Ever heard of the term “ostalgia”? More accurately, it’s spelled ostalgie because it’s a German word, basically meaning “nostalgia for the Ost,” that is, for the old East Germany. Citizens of that erstwhile DDR (German Democratic Republic) had sky-high hopes for their lives once the Wall was torn down and the DDR was folded into what was West Germany; inevitably, those hopes were to a lesser or greater extent disappointed, leading some to pine back for the “good old days” of German socialism in the Eastern third of the country.

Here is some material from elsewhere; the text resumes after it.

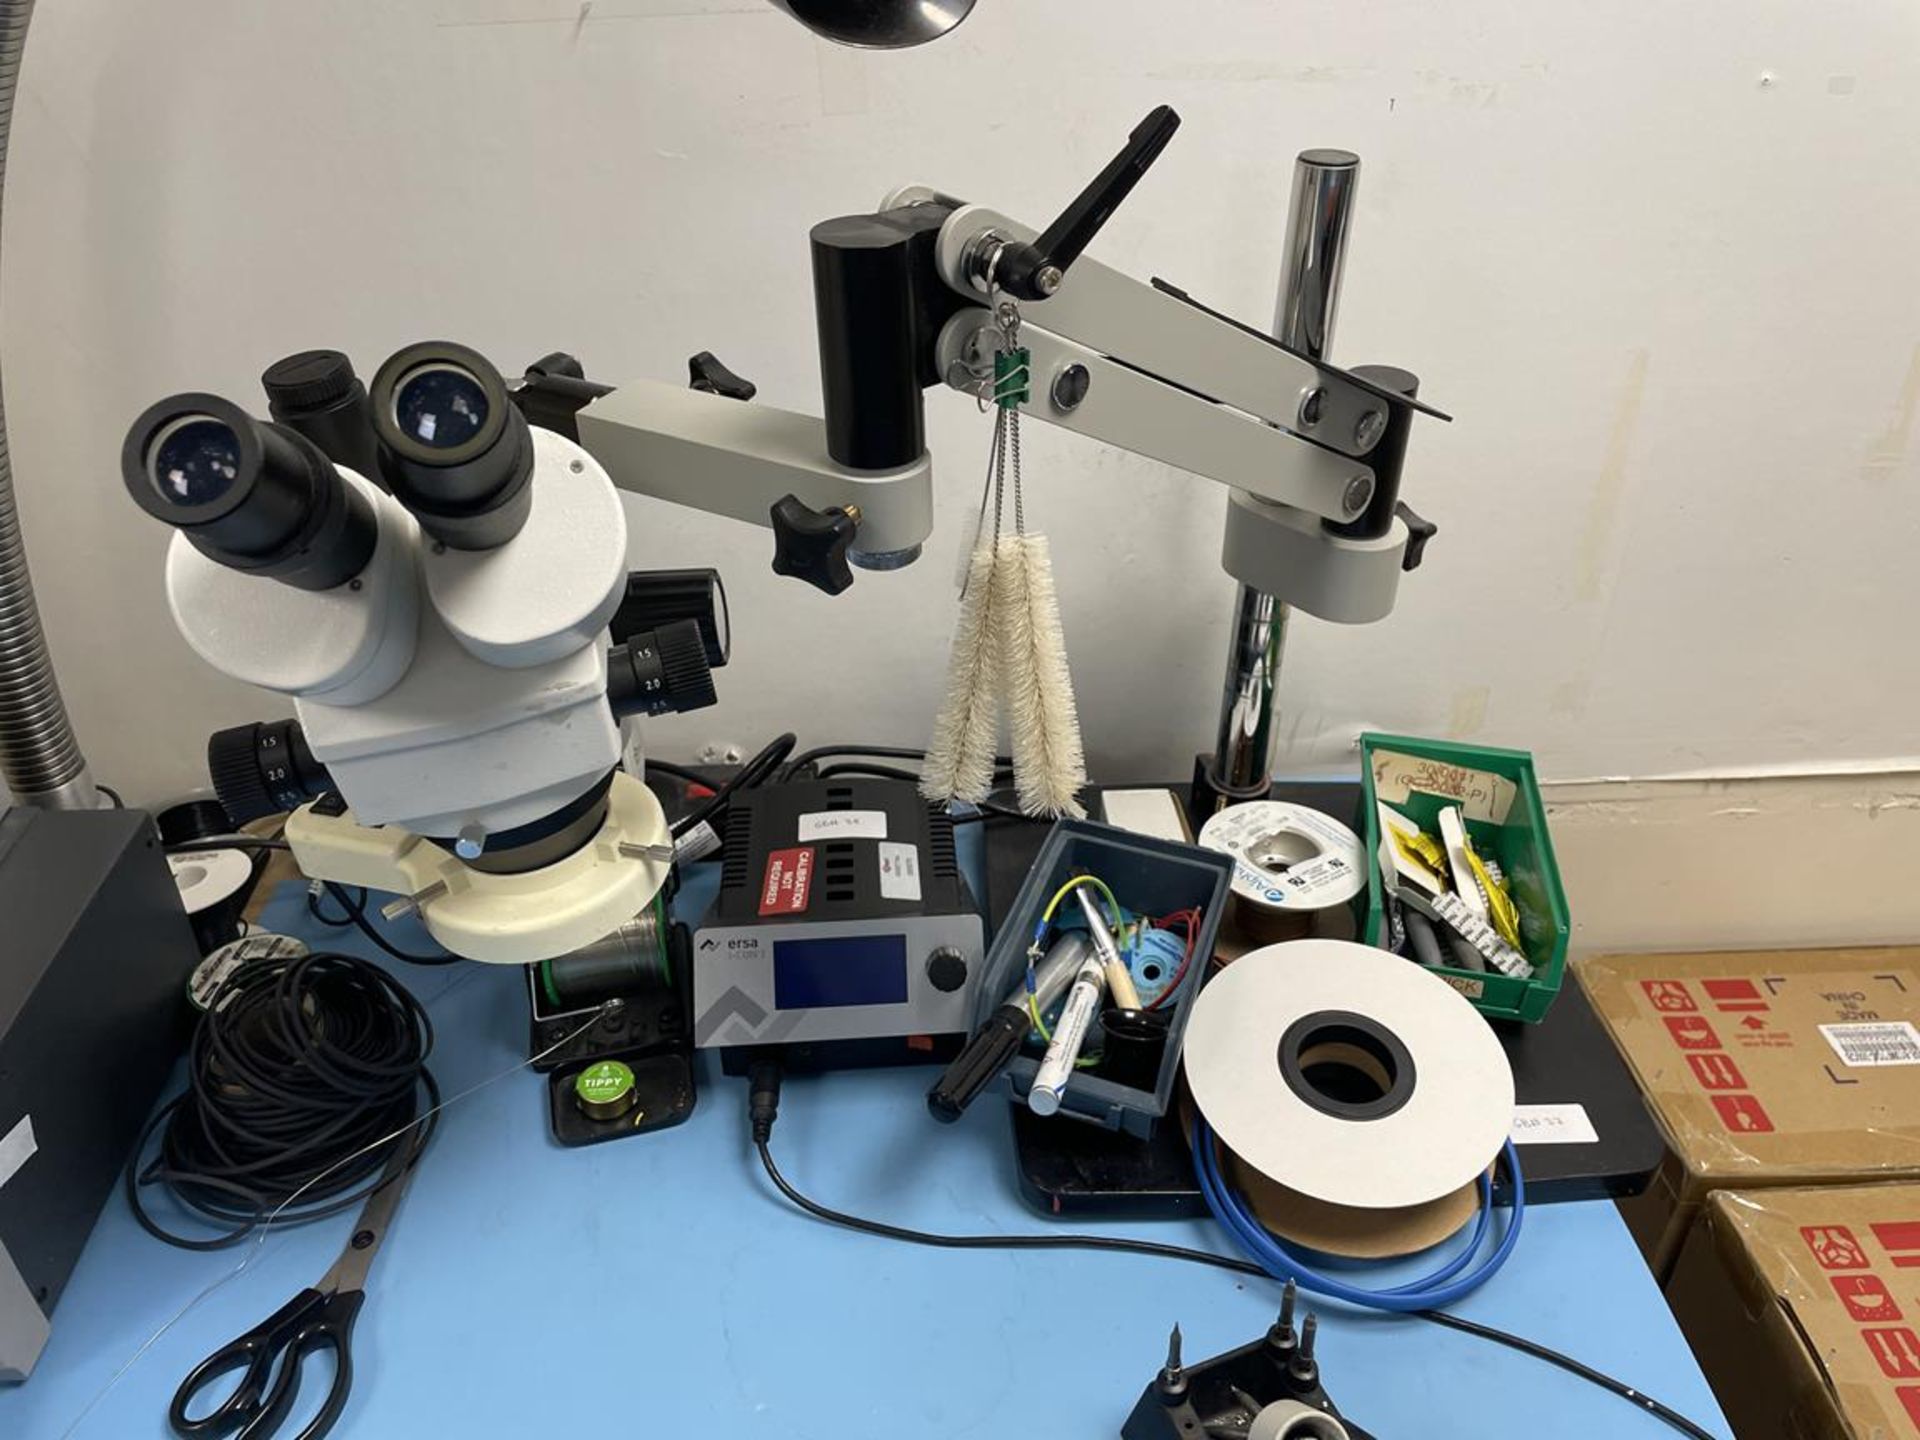 GXMRFLS Adjustable Microscope Fitted with WF10X Lenses (GB REF#37)

You surely didn’t much notice if you are not yourself German, but two weeks back from last Sunday (on 27 January) local elections were held in the (West) German states of Hesse and Lower Saxony. In the latter state, whose capital is Hannover, it is fair to say that “ostalgie” won a seat in the state parliament – and how! The Süddeutsche Zeitung reports on the rise of one Christel Wegner, a trained nurse of some sixty years of age, but also a founding member of the German Communist Party (DKP – Deutsche Kommunistische Partei). Now, it’s not as if she owes her new seat in the Lower Saxon parliament to being directly elected to the position – it doesn’t work that way in the German political system. Rather, the different parties make up their own lists of candidates, and how far down the list you go in giving the candidates seats in the new parliament is a function of how many votes that party receives in the election. Although formally of the DKP, Wegner was nonetheless taken up on the electoral list of the party that calls itself The Left (Die Linke), that did rather better than usual in the 27 January elections. And so Christel Wegner is going to Hannover.

What’s the problem? you may ask. The problem lies in Wegner’s vision for Germany, which she laid out on the German TV program “Panorama.” (Actually, it’s on tonight’s show – Thursday, 14 February, 21.45 on Germany’s first TV channel ARD.) She’s not some sort of half-stepper when it comes to reforming society by passing a law or two – like, say, the Die Linke folks who were kind enough to list her so she could get into parliament in the first place: “Die Linke can achieve various reforms, but we [i.e. the DKP] are of the conviction: That’s not enough. We want a transformation of society.” What sort of “transformation”? “The power of Capital can only be overthrown by nationalizing the means of production.” And what else? How about a return of the Stasi – the Staatssicherheitdienst: “I think . . . when you set up another form of society, then you need such an organ, because you have to protect yourself against other forces, reactionary forces, that will use the opportunity to subvert such a state from within.” Oh, and by the way, she also made it clear that she thought the Berlin Wall was a pretty good idea.

Again, right now it’s the Süddeutsche Zeitung and other newspapers (i.e. other links on the subject I have run across) that are pointing out this rather new, exotic bird who has found her way into the Lower Saxony parliament. After her TV broadcast tonight, who knows how much further and faster this story will spread. (If the follow-on is worth remarking on, I might return to this subject in a later post.) But as for Die Linke co-chairman Gregor Gysi, he has already had enough of the story. As he is said to have made clear to “Panorama”: “There is for us no way back to the DDR. There is for us no way to nationalization of the means of production. And if someone is of another opinion and is within our legislative faction, then that person must be overruled. Period!”